Facilitated Water Adsorption and Dissociation on Ni/Ni3S2 Nanoparticles Embedded in Porous S-doped Carbon Nanosheet Arrays for Enhanced Hydrogen Evolution

Three-dimensional carbon-based catalysts grown on a conductive substrate offer superior electrocatalytic activities toward hydrogen evolution reaction (HER). Herein, a novel method is described for in situ fabrication of hybrid Ni/Ni3S2 nanoparticles embedded in S-doped carbon nanosheet arrays (Ni/Ni3S2/SC NSAs) on carbon cloth. With the morphological merits of large surface area and high conductivity, Ni/Ni3S2/SC NSAs are demonstrated as an efficient and durable HER catalyst that requires merely 90 mV at a current density of 10 mA cm(-2) with a small Tafel slope of 81 mV dec(-1). This excellent performance is ascribed to the excellent H2O adsorption property of S-doped C layer and formation of Ni delta+ and S delta- species that promote the cleavage of H-OH bonds.

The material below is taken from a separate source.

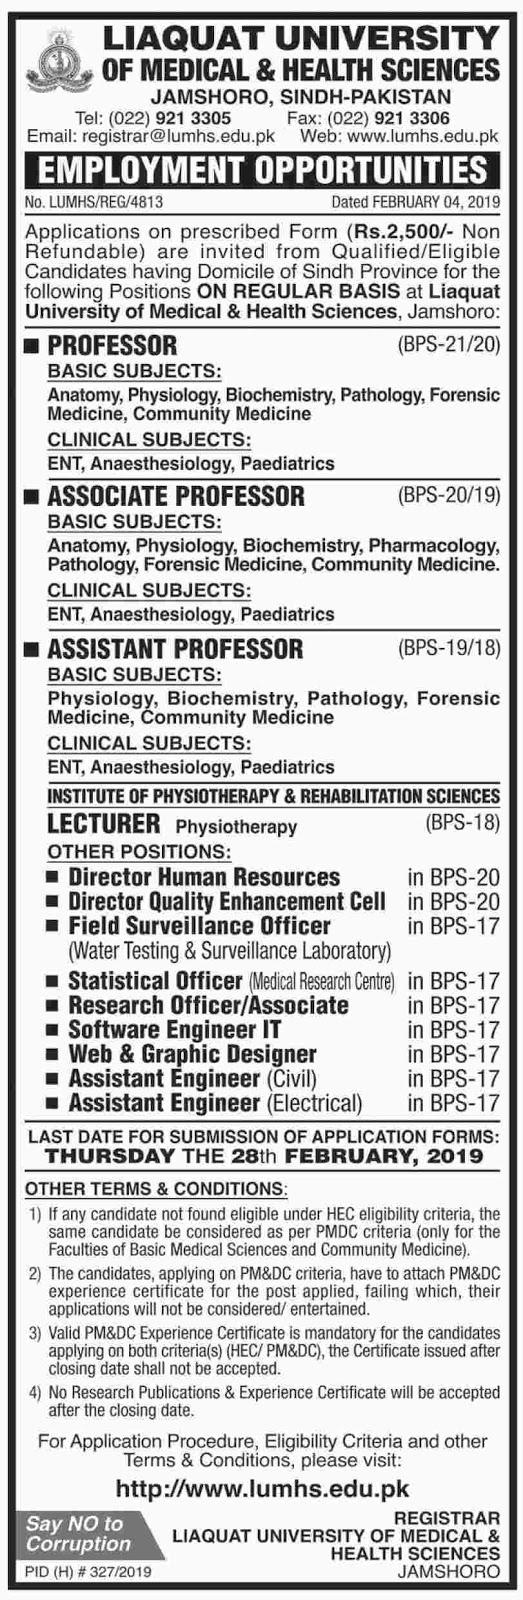 Jobs Vacancies In Liaquat University Of Medical And Health Sciences 06 February 2019
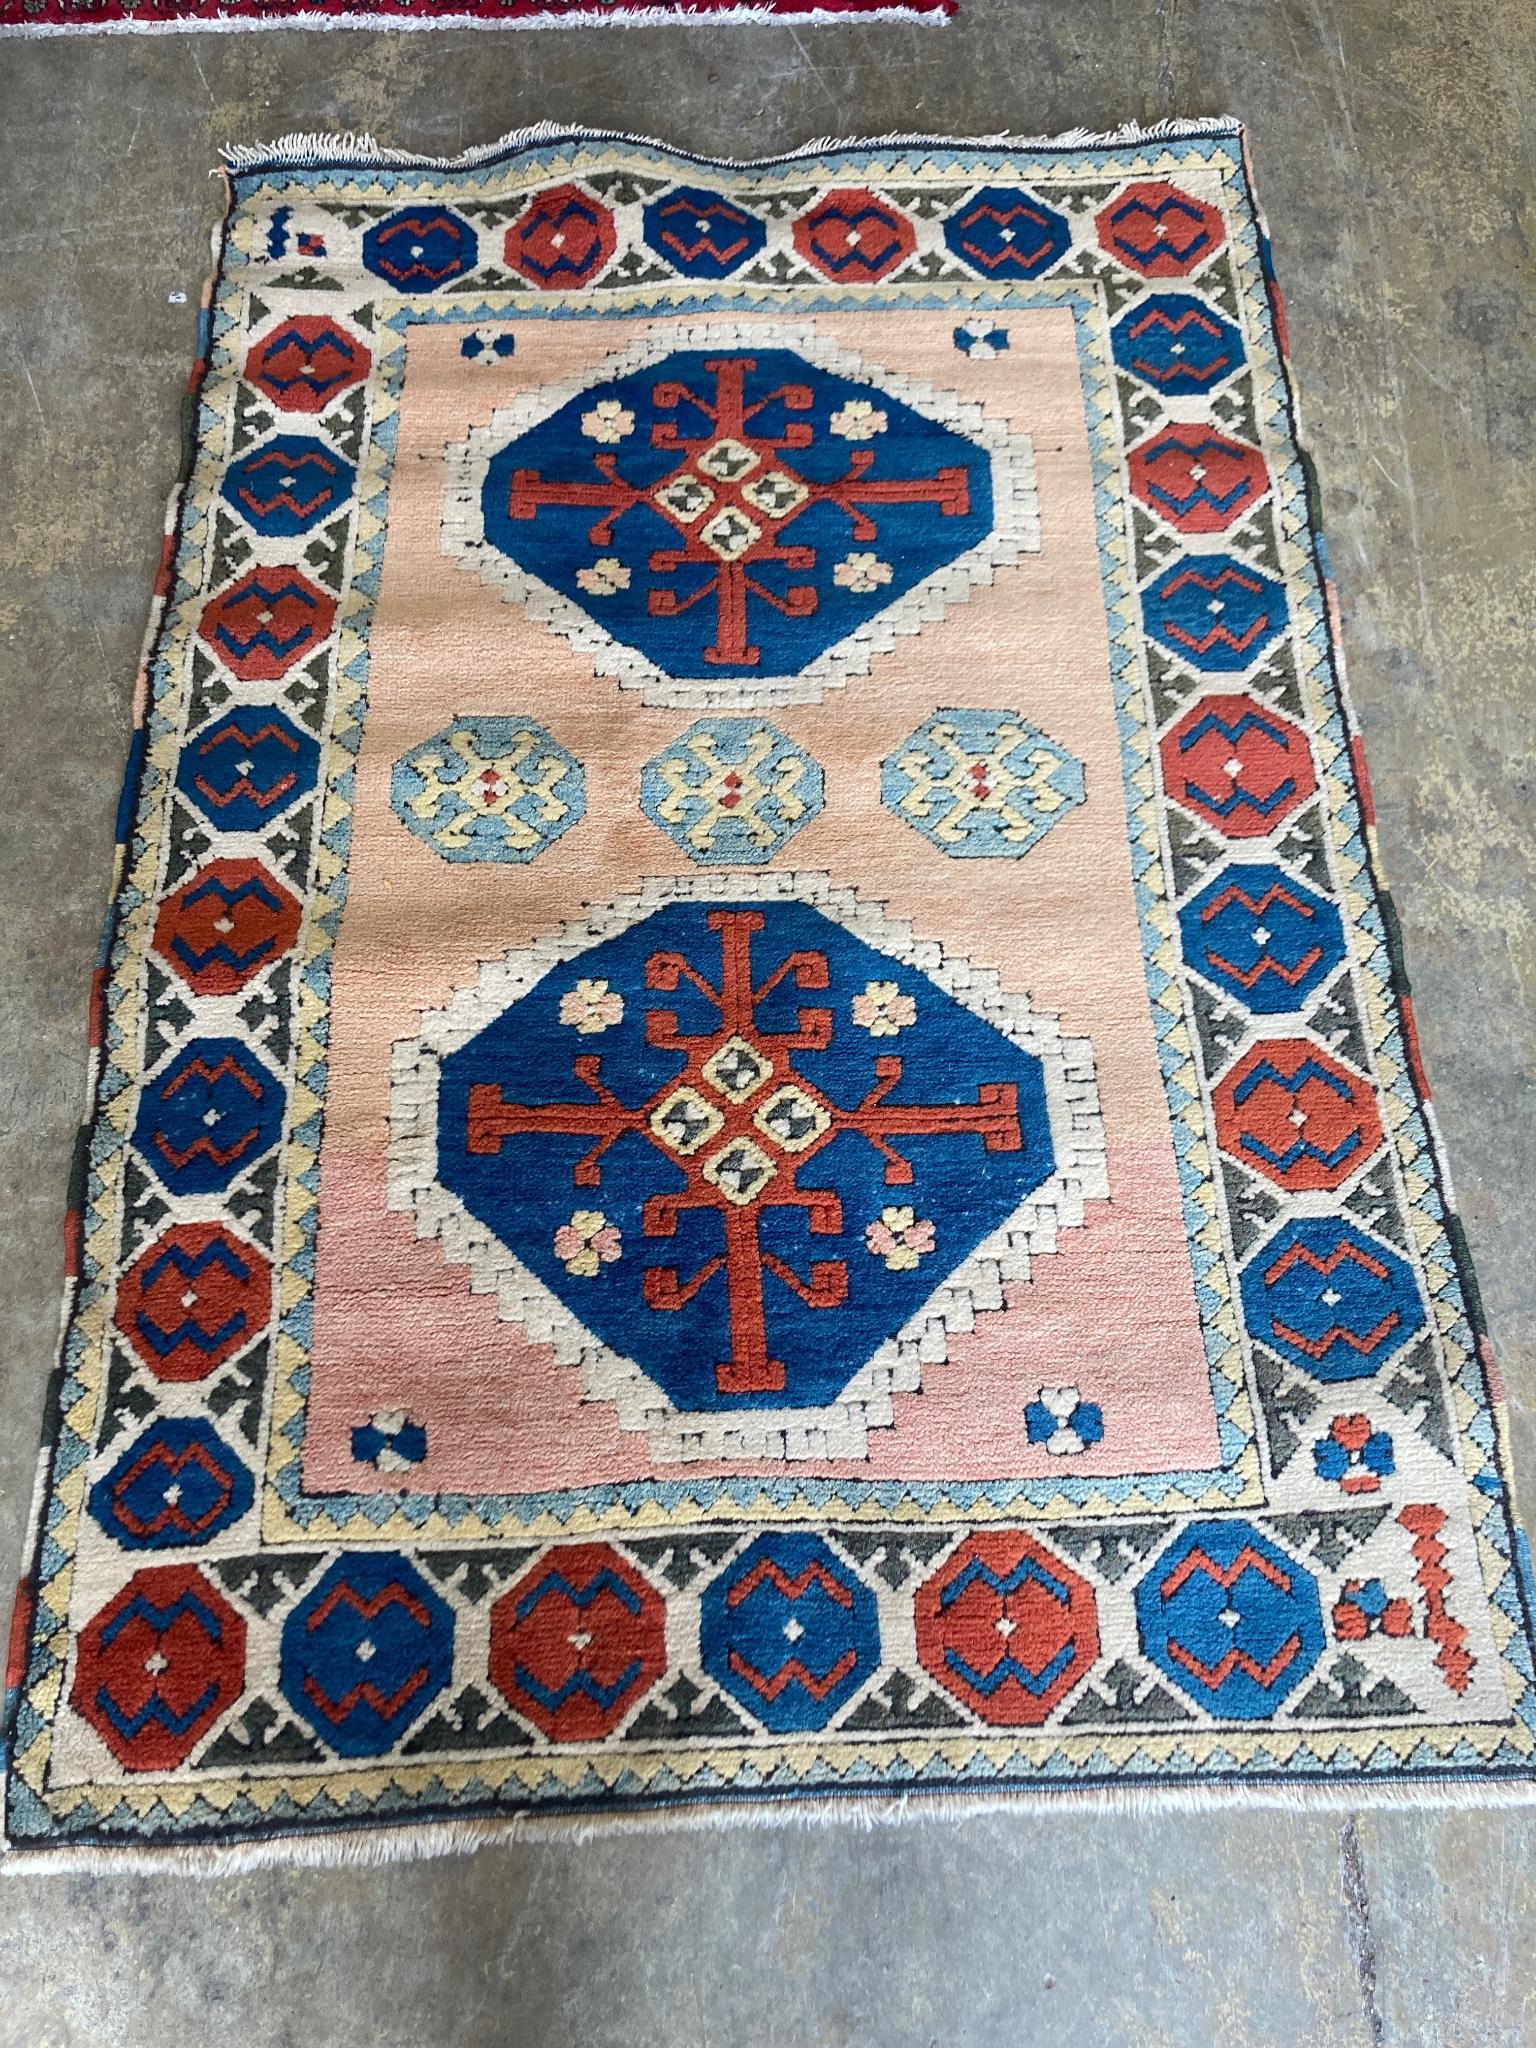 A Kazak style peach ground rug, 180 x 126cm

First-principles calculations further reveal that the Ni surface near the Ni/Ni3S2 interface has a larger water adsorption energy (E-ad) and lower activation energy for water dissociation (E-a) than pure Ni and Ni3S2, which contribute to enhanced HER performance. This work offers valuable insights into the designing of interface between transition metal-based catalysts and heteroatom-doped carbon materials.

Automated summary

A novel method for in situ fabrication of Ni/Ni3S2/SC NSAs catalyst on carbon cloth is introduced, showing superior electrocatalytic activities towards hydrogen evolution reaction (HER). The catalyst has excellent performance with large surface area and high conductivity, promoting H-OH bond cleavage and forming species that enhance the HER performance.